Loading weights from pretrained model with different module names

I would like to initialize my model with the first 14 layers of VGG16. A nice solution suggested at https://discuss.pytorch.org/t/how-to-load-part-of-pre-trained-model/1113/3?u=nicholas_wickman does not work for me, because my parameters are not named the same as the model I would like to load from.

My parameters are named like conv1.weight and conv1.bias. VGG’s layers are named like features.0.weight and features.0.bias.

Does anyone have any suggestions?

pretrained_dict = torch.load('VGG_dict.pth')
model_dict = model.state_dict()

# Modification to the dictionary will go here?

model_dict.update(pretrained_dict)
model.load_state_dict(model_dict)
1 Like

you could change the key names of the state dict to match your layer’s key names…

@smth shouldn’t this work?

pre_trained_model=torch.load("Path to the .pth file")
 new=list(pre_trained.items())

my_model_kvpair=mymodel.state_dict()
count=0
for key,value in my_model_kvpair.item():
  layer_name,weights=new[count]      
mymodel_kvpair[key]=weights
count+=1
6 Likes

Thanks a lot. This is exactly what I am looking for.

In addition, do you know a good way to transfer the optimizer state to the new model with different names? The reason I am asking here is that the pre-trained model I have is constructed via nn.Sequential, but I want to insert some new blocks in between and retrain the new network. It will be easier for me if I can start with what they have.

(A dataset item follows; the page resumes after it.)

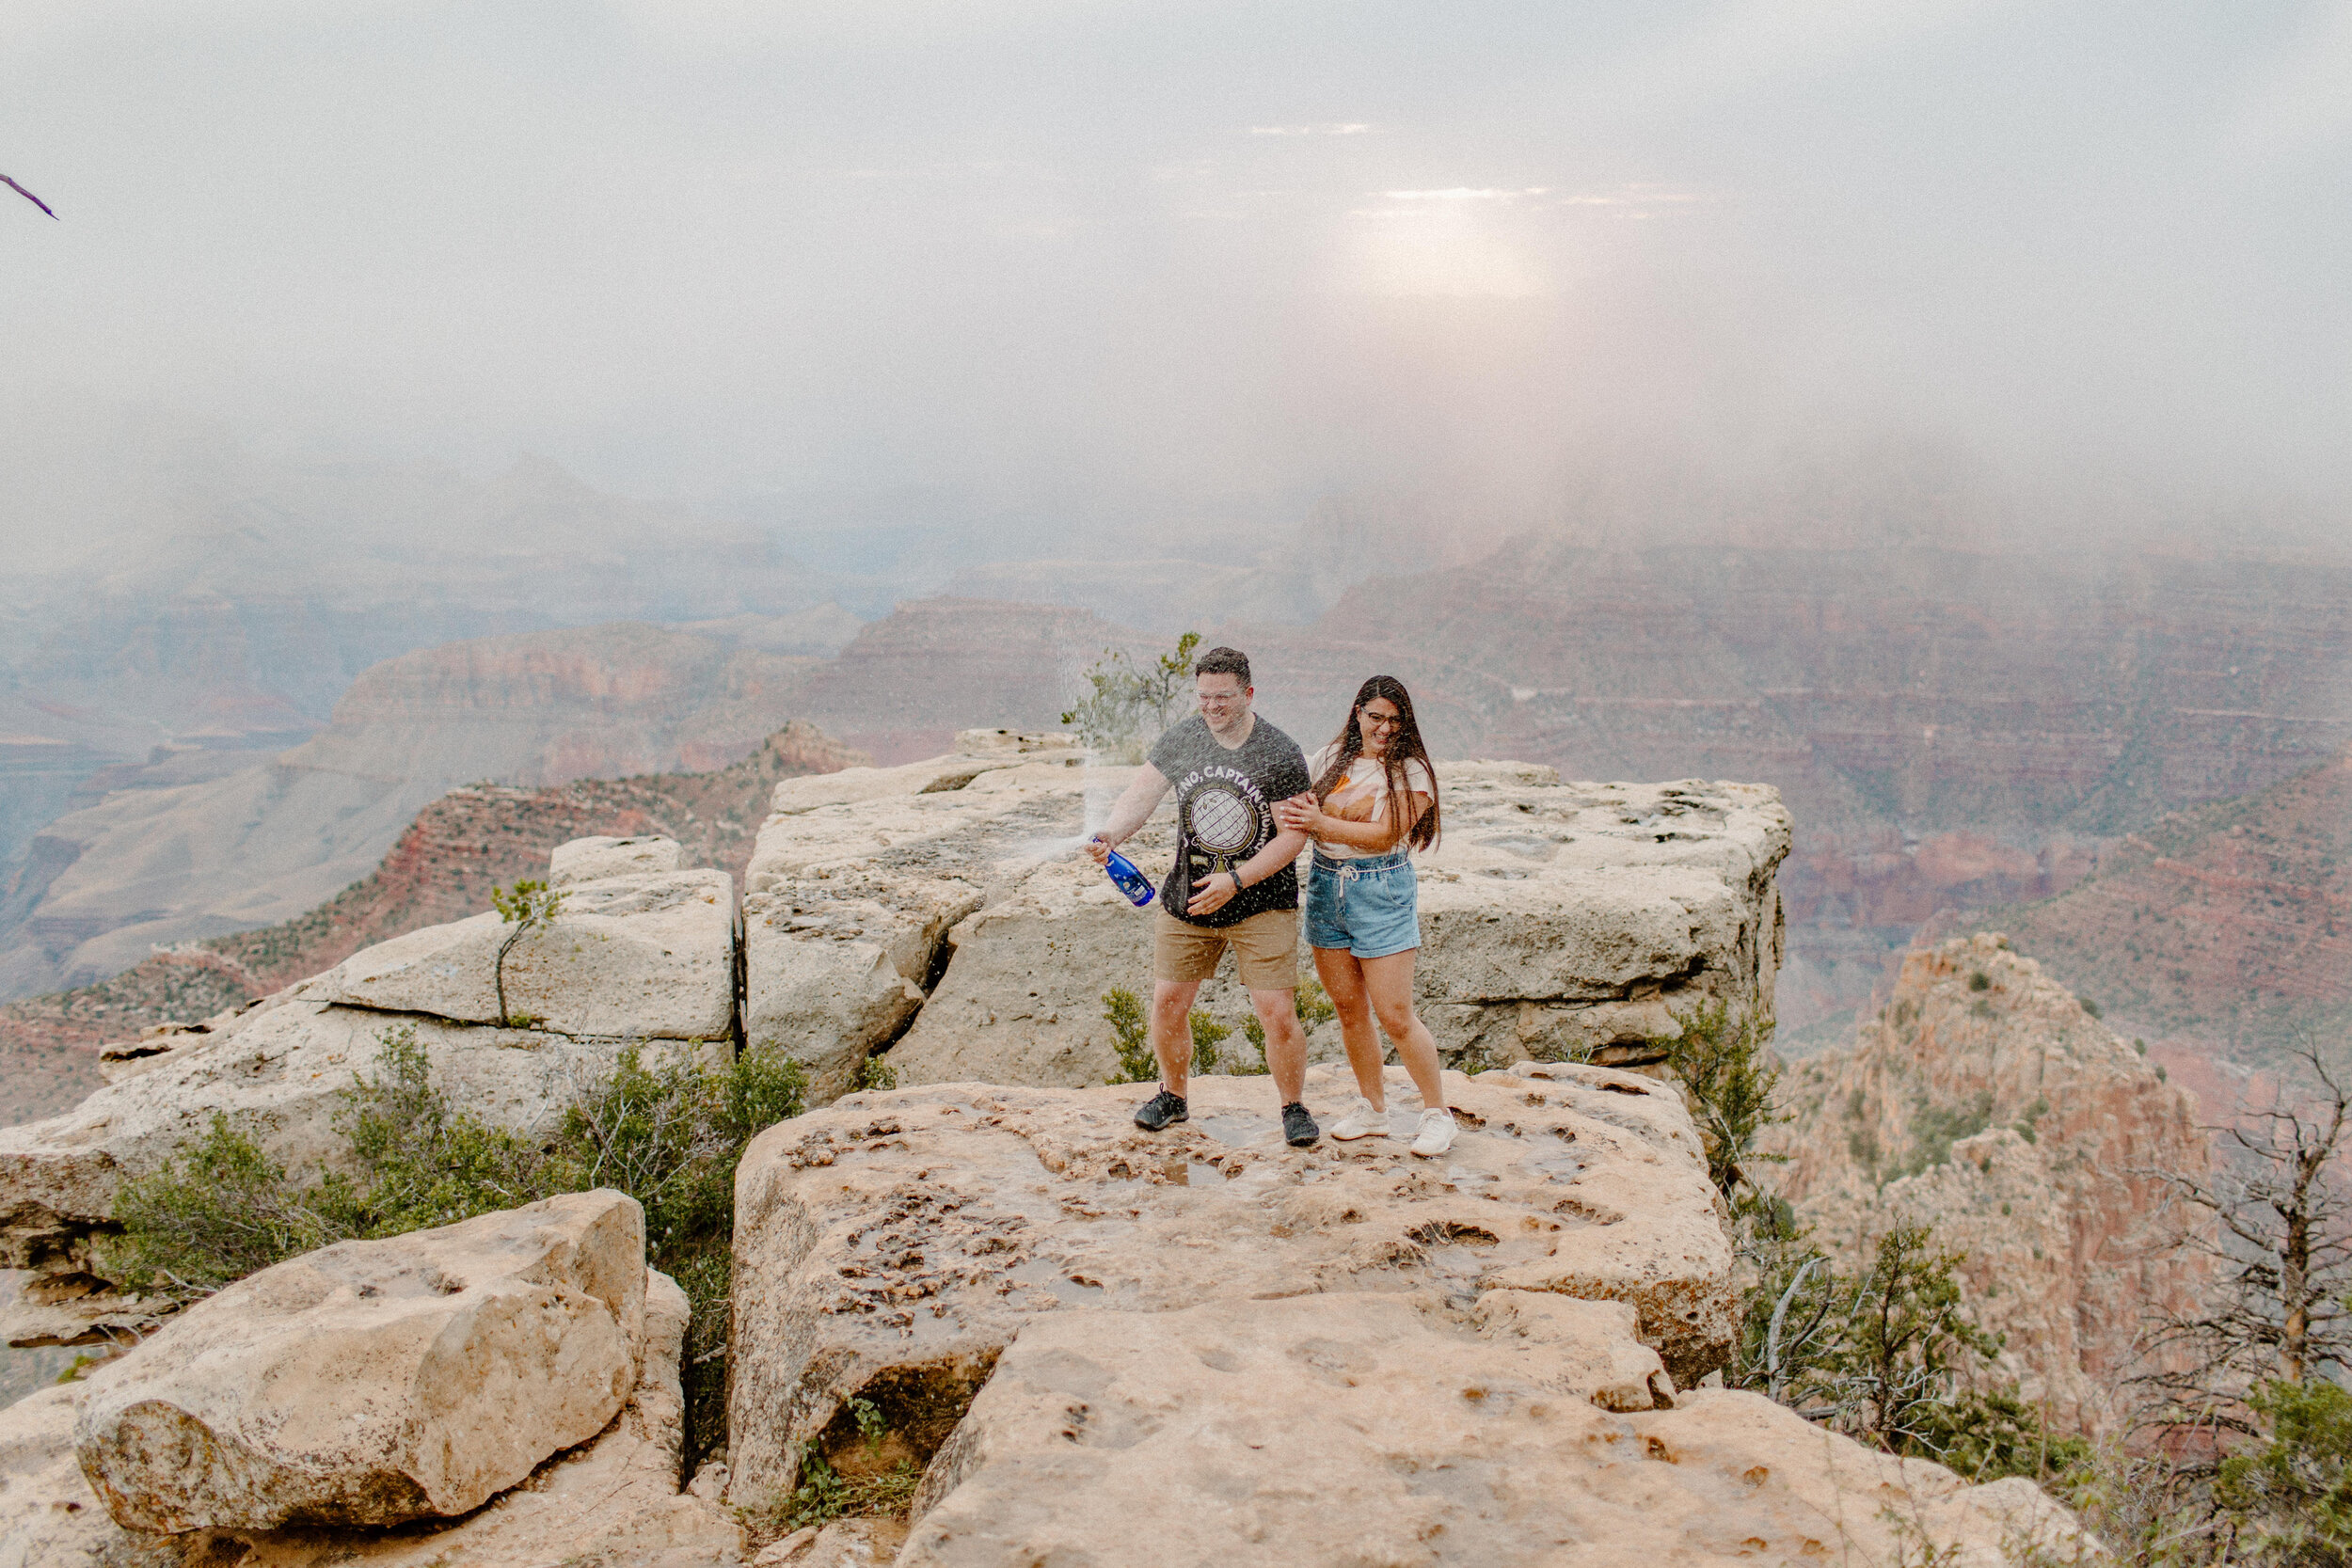  Surprise proposal at sunrise at the Grand Canyon South Rim, man and woman celebrate their new proposal by spraying a bottle of champagne while standing on the rim of the canyon. Grand Canyon engagement, Lucy B. Photography.

It’s been a While since I have used pytorch, I have no idea how to do that. But you can find it easily as it was asked before iirc.

Thanks for the prompt reply. I will search around again.

For me on a nested nn, this code piece did not work. Though the dictionary is updated as expected, the weights and bias actually didn’t change. Do you have other recommendations?

Pretty old thread, but I was having the same issue and have solved it. Here is what you need to do:

 new=list(pre_trained.items())

my_model_kvpair=my_model.state_dict()
count=0
for key,value in my_model_kvpair.item():
  layer_name,weights=new[count]      
  mymodel_kvpair[key]=weights
  count+=1

my_model.load_state_dict(my_model_kv_pair)

After modifying the key value pairs, you need to actually load the updated state_dict back into your model so that the weights and biases change

5 Likes

I would modify it to:

    mymodel_kvpair[key] = weights.detach().clone()